For the first time across four cross-vertical replications, the entity-engine assumption breaks. Marseille specialty coffee runs on third-party sources — not shop websites.

We’ve now run the same AI-search playbook across four cities and verticals: Paris yoga, Berlin yoga, Amsterdam bikes and Tokyo bookstores. In all four, ChatGPT cited the entity’s own website roughly 32% of the time — the consistent ChatGPT-as-entity-engine baseline. For Marseille specialty coffee, that number collapses to 10%. The missing 22 points don’t go to a single source — they go to a trio: 31% Reddit, 32% review-aggregators (Wanderlog, Mapstr), 14% French local blogs (marseille.love-spots.com, marseillesecrete.com, tarpin-bien.com, lescachotteriesdemarseille.com). That’s 77% of ChatGPT’s Marseille answers grounded in third-party content.

The mechanism is the same one Berlin showed: source mix bends toward the local commercial and editorial infrastructure of a city. Marseille just has an unusual infrastructure — a small specialty-coffee scene with a weak digital footprint (only 114 of 280 shops have a website at all), a heavy Instagram-native discovery layer (237 cites, our highest social signal anywhere), and a dense thicket of French micro-guides covering the city. AI engines mirror what’s out there. Where the documentation lives, the citations follow.

Section 1

Source mix by platform

For every cited URL we bucketed the source into one of ten categories. The mix per engine is the cleanest way to see why Marseille breaks the pattern — especially compared to the consistent shop/studio-website share we measured in three earlier cities.

source-mix-by-platform-marseille-coffee
Copilot

Still entity-engine — but at 83%

The 95–97% Copilot norm we measured in yoga and bikes drops to 83% in Marseille. Even the engine that goes hardest on shop websites loses 12 points here. The weak digital footprint of Marseille specialty coffee — most shops without a website — forces Copilot to spend the rest of its citations on the long tail it usually ignores.

Gemini

Swings to global trade press: 34%

With no Marseille-specific specialty-coffee press to lean on, Gemini reaches for the global trade press instead. baristamagazine.com alone returned 95 citations — more than any shop website on Gemini, and roughly 34% of Gemini’s Marseille citations.

Perplexity

Leads with local editorial: 27%

Perplexity leans on the French local-guide ecosystem more than any other engine — 27% of its Marseille citations go to marseille.love-spots.com, marseillesecrete.com, tarpin-bien.com and similar French micro-guides. Where Marseille is documented in French, Perplexity finds it.

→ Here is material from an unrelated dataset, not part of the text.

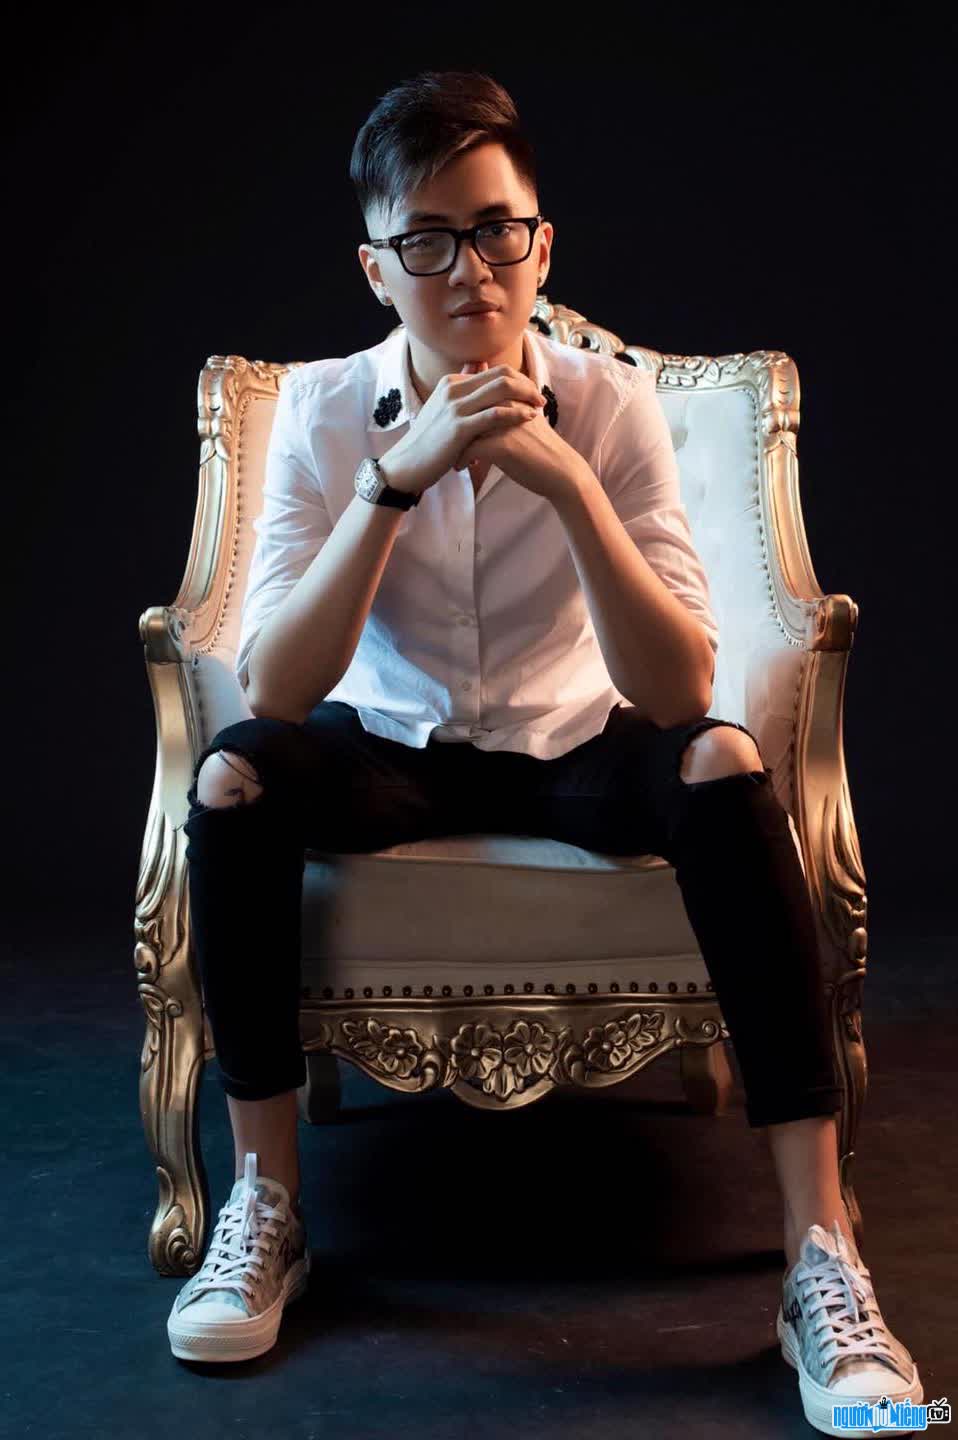 Hình ảnh DJ Thái Hoàng - một gương mặt quen thuộc của những người yêu thích dòng nhạc EDM

The mechanism is the same one Berlin showed: source mix bends to local commercial and editorial infrastructure. In Berlin that infrastructure was a fitness-marketplace blog (Urban Sports Club). Here in Marseille the “infrastructure” is a Reddit thread, an Instagram feed and a thicket of French micro-guides — so the AI engines mirror exactly that. The platform personalities don’t change; the substrate does.
Section 2

The ChatGPT inversion

One number tells the whole story of this article. ChatGPT’s shop-website citation share for Marseille specialty coffee is the lowest we’ve measured in five cross-vertical replications — and the gap to the other “city + scene” cases is what makes it interesting.

10%
ChatGPT’s share of citations going to specialty-coffee shop websites in Marseille.
vs the ~32% baseline we measured in Paris yoga, Berlin yoga and Amsterdam bikes.
chatgpt-shop-website-share-by-city
ChatGPT shop/studio website citation share across five cross-vertical AI-search studies.
City + verticalChatGPT shop-site %Signature non-shop source
Paris yoga32%Reddit (16% of all ChatGPT URLs)
Berlin yoga32%Urban Sports Club blog
Amsterdam bikes42%Reddit
Tokyo bookstores8%whenin.tokyo + Tokyo Weekender
Marseille coffee10%Reddit + Instagram + FR local blogs
This isn’t a measurement artifact. Tokyo bookstores landed at 8% for exactly the same reason Marseille lands at 10%: when a scene’s documentation lives off-site — on third-party review aggregators, in local-guide blogs, or on social — the AI engines find it there. The entity-engine baseline of ~32% is what happens when shops do own their digital footprint. In Marseille, only 114 of 280 specialty cafés have a website at all. The 10% is honest.
Section 3

The Instagram signal

One domain stands out so far above the rest of the social layer that it deserves its own section.

237
Instagram citations
across 3 platforms — the highest single-domain count anywhere in this study except for AI Mode’s Google self-citation firehose.

No other city/vertical pushes Instagram this hard.

In Paris yoga, Berlin yoga, Amsterdam bikes and Tokyo bookstores, the dominant social signal was Reddit — Instagram barely registered (single digits to low double digits at most). For Marseille specialty coffee, Instagram joins Reddit as a co-equal source: Reddit at 175 cites, Instagram at 237.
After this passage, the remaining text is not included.